See:  why bees make honey.

(Note that bumble bees do not store honey for winter as honey bees do.  I discuss elsewhere the question of whether bumble bees make and eat honey).

Bees kept by beekeepers may at times be fed sugar.  You can read more about that why beekeepers feed sugar to bees.

Do bees eat honeydew?

You may have heard of honeydew honey.

Honeydew is a sugar-rich sticky liquid, secreted by aphids and some scale insects, as they feed on plant sap.  When food is scarce, bees (that includes honey bees and bumble bees) may eat it as a substitute for nectar when foraging conditions are challenging, although it is believed to be not as nutritious.  

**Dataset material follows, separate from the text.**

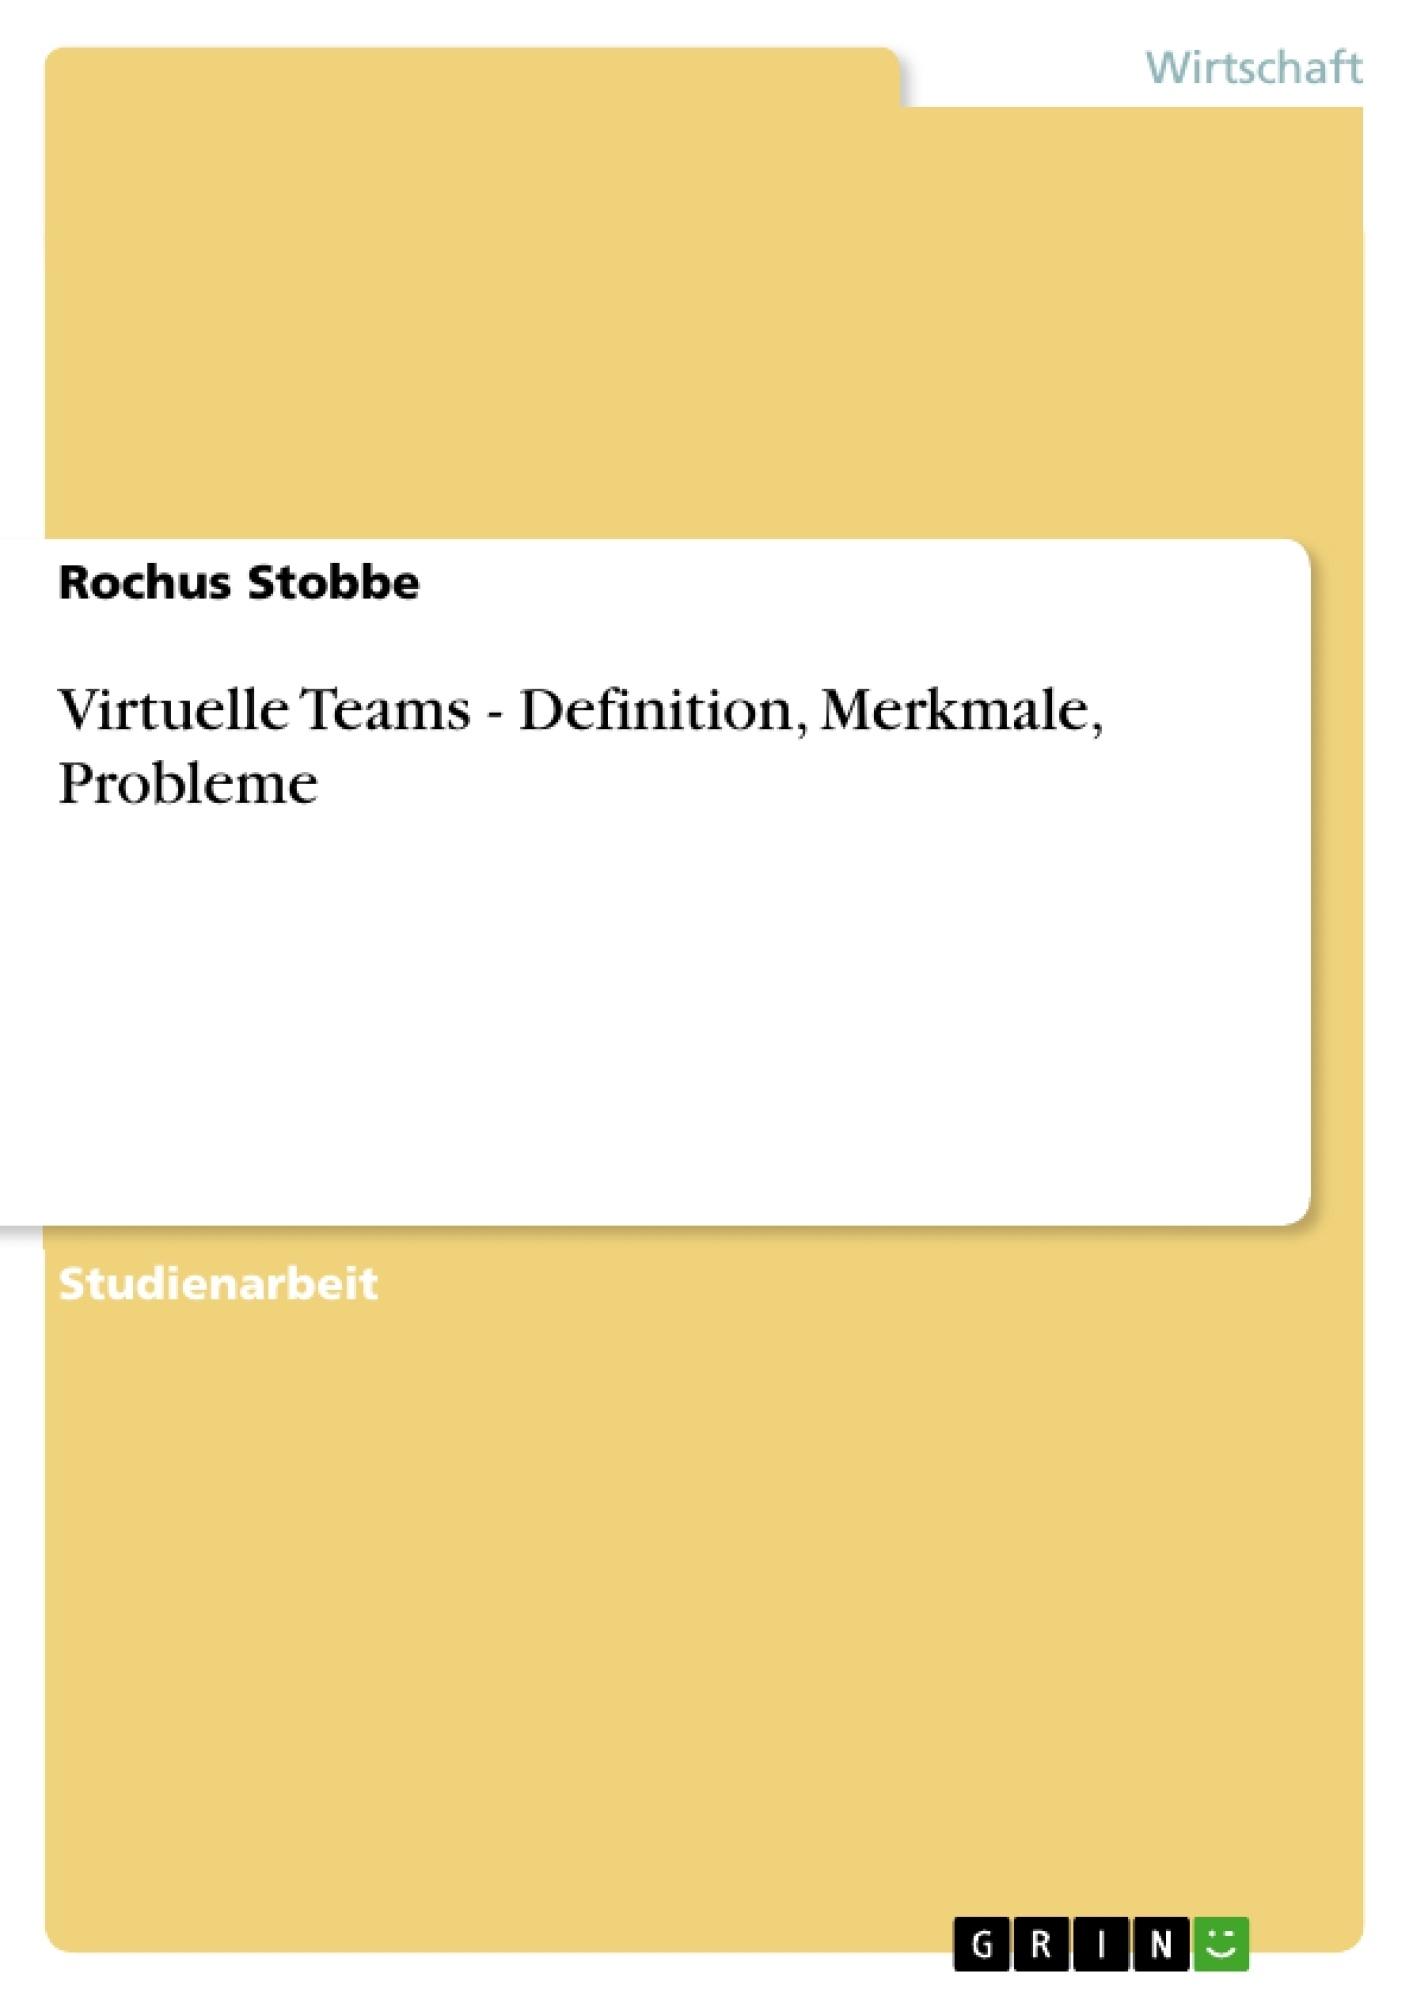 Titel: Virtuelle Teams - Definition, Merkmale, Probleme

Below is a wonderful photograph kindly sent to me by Valerie Nicolson.  She says the honey bees are very active feeding on aphid honeydew on the underside of the leaves of her lime and lemon trees!

honey bee eating aphid secretions (honey dew) on the back of a leafAbove: Honey bee feeding on aphid honeydew, by Valerie Nicolson.

Thank you Valerie!

Common questions

Is nectar only found in flowers?
No, sometimes bees eat nectar from extra-floral nectaries found on leaves and stalks of plants.  One year,  I watched bumble bees feeding on extra-floral nectaries on the underside of green laurel leaves.  I should point out that we were in a forest, and at that particular time, there was little in flower.   This is fairly common behavior, including among honey bees and wasps.

A tip for gardeners: as far as possible, try to select plants that provide flowers for pollinators around the seasons.  

Do bees eat fruit?
As stated above, honey bees have certainly been observed to feed at very ripe fruit, including apples, plums, grapes, peaches, and pears.

Do bees eat wood?
No, although I am aware that watching wood boring bees or carpenter bees can lead people to ask the question. 

Burrows excavated intoa plank of wood by
carpenter bees showing remains of chamber wallsBurrows excavated into wood by carpenter bees.

Do bees eat meat?  Do bees eat insects?
Although it is very uncommon, I am certainly aware of a very small number of tropical species (notably in Panama) which actually do this1!  They are known as 'Vulture bees'.  You can read more about this and watch a video on the link 'Do Bees Eat Meat?'.

tropical bee species eating meat in the form of a dead lizardTrigona hypogea eating a dead lizard. Photograph by D. Wittman

There are also records of bumble bees eating meat in Spain.

Why do bees eat dirt?
They don’t, however, some species - typically mason bees do collect mud with which to help build their nests cells, but they are not eating the mud. 

Alternatively, it may also be possible that the bee species being observed is actually excavating a nest by burrowing a tunnel into the ground, but again, the bee is not actually eating the dirt.